A wooden racing boat for six-oared rowing that is quick to build and as elegantly proportioned as the traditional Cornish Pilot Gig hulls.
After their success racing their Northeaster Dory, the Whitby Fisherman's Amateur Rowing Club approached us to provide a kit for a stitch-and-glue rendition of a traditional Cornish pilot gig. We asked Chesapeake Light Craft to design the boat using their LapStitch™ system for quick and strong clinker-style boat construction.
The rowing club will be racing the six-oared boat against traditional pilot gigs. The design of these fast rowing boats dates well back into the 19th century; the Whitby pilot gig is based on the lines of Treffry, built in 1838 and used as the standard measurement for traditional construction of new racing gigs.
No one had ever tried to make a stitch-and-glue Cornish pilot gig before and at 32 feet long it's certainly among the largest quick-assembly stitch-and-glue projects out there. Very little in the way of a mould is needed, just a few female cradles during the hull assembly operation. Ten structural bulkheads add great stiffness to the hull and support a variety of fixed rowing seat geometries, depending on the racing ambitions of the crew.
The first hull went together very quickly and without difficulty. Starting from our CNC-cut wooden kit, initial hull assembly takes as little as three days.
The kit was very good, fitted together with no alterations. Stability was very good. The speeds vary depending on [seating] position, in some positions achieving 10 knots.
Whitby Fisherman's Amateur Rowing Club
In June 2015, the Whitby club won the twenty-mile New Waterloo Dispatch Race, which celebrated the 200th anniversary of the battle of Waterloo and the journey to deliver the news to London. After their own victory, the winning team from Whitby had the honour of recreating the landing of Major Harry Percy as he carried the news of Wellington's victory. Percy's ship was becalmed in the English Channel so he travelled twenty miles aboard a similar rowing gig to land in Kent.
Monarch was the third pilot gig out of 43 to finish the Great River Race in 2016.
Assembly of the Whitby Pilot Gig kit is quick and precise, with every plywood part pre-cut and drilled. The planks are easily joined to full length with puzzle joints and the resulting strakes are stitched together in a simple building cradle for convenience and to ensure accuracy of the dimensions of the finished pilot gig hull. The LapStitch™ joints are bonded with epoxy and the hull is reinforced with fibreglass fabric below the waterline. Laminated rails are added to complete the lightweight, rigid and durable clinker structure.
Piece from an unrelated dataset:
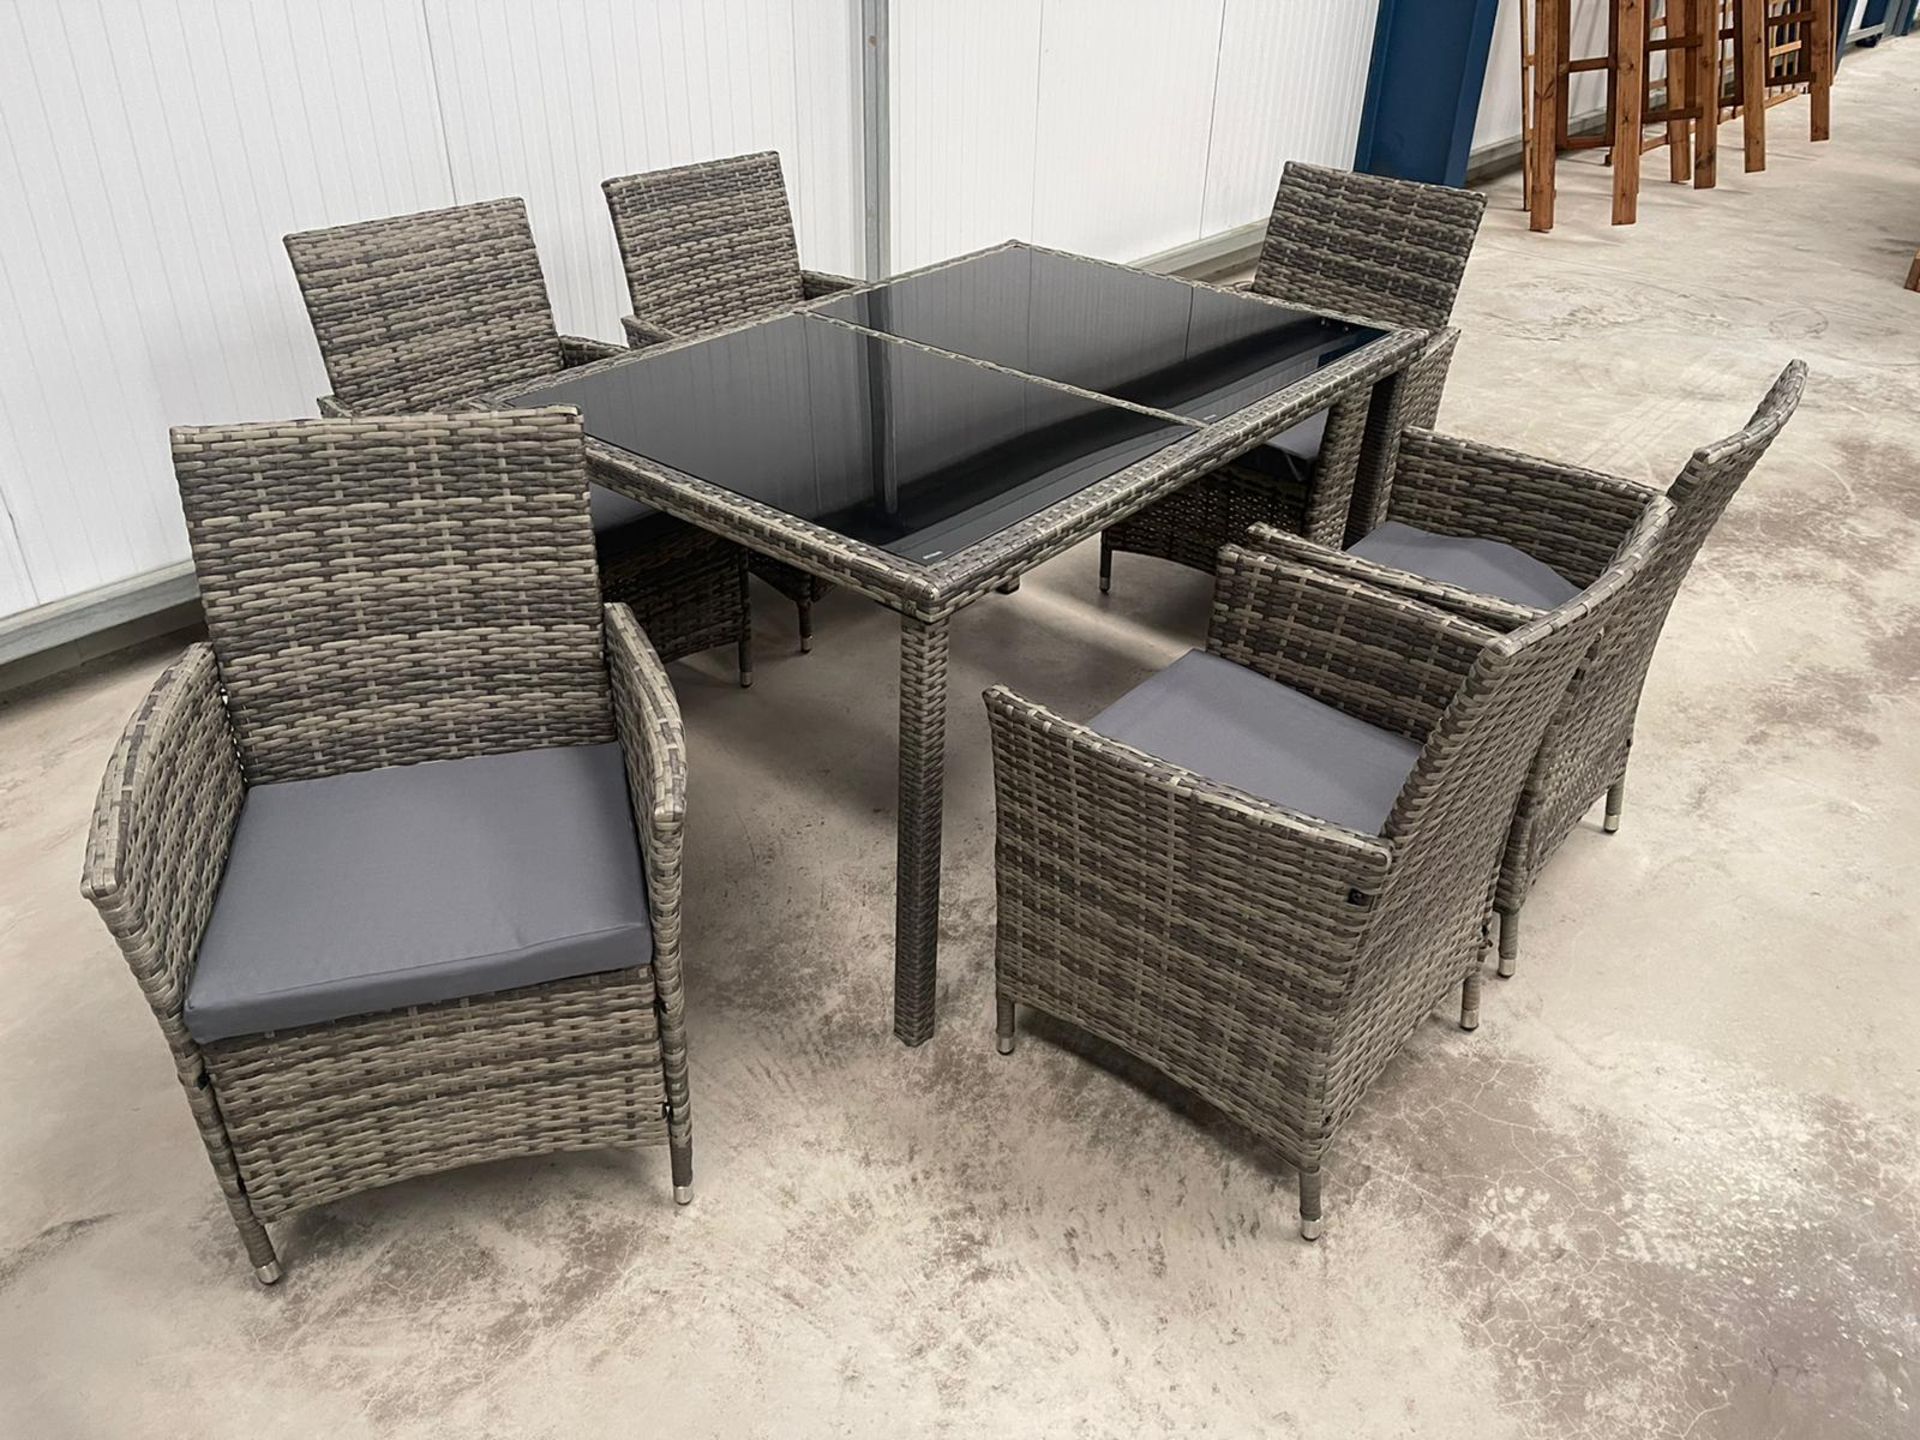 RRP £999 - NEW GREY SIX SEAT DINING SET WITH SIX CHAIRS - LUXURY BLACK GLASS TOPPED DINING TABLE AND - Image 3 of 4

Because the Whitby Pilot Gig is a big project, we don't recommend it for first-time builders. Also, traditional boat-building techniques will not be of much use for building this boat, so we recommend building at least one stitch-and-glue boat before starting this project.
The boat is designed to use 12′6″ sweeps set in traditional thole pins or Concept II rowlocks.
The kit includes:
Please note that there is no instruction manual specific to the Whitby Pilot Gig, though the building notes and technical support should be enough for anyone who has built a stitch-and-glue boat before. Instead, the kit includes an instruction manual for the Northeaster Dory, which is built in a similar way. The manual describes all of the techniques that will be used during the build.
This kit comes without seats or rowlocks, so that it can be fitted out as preferred by the crew.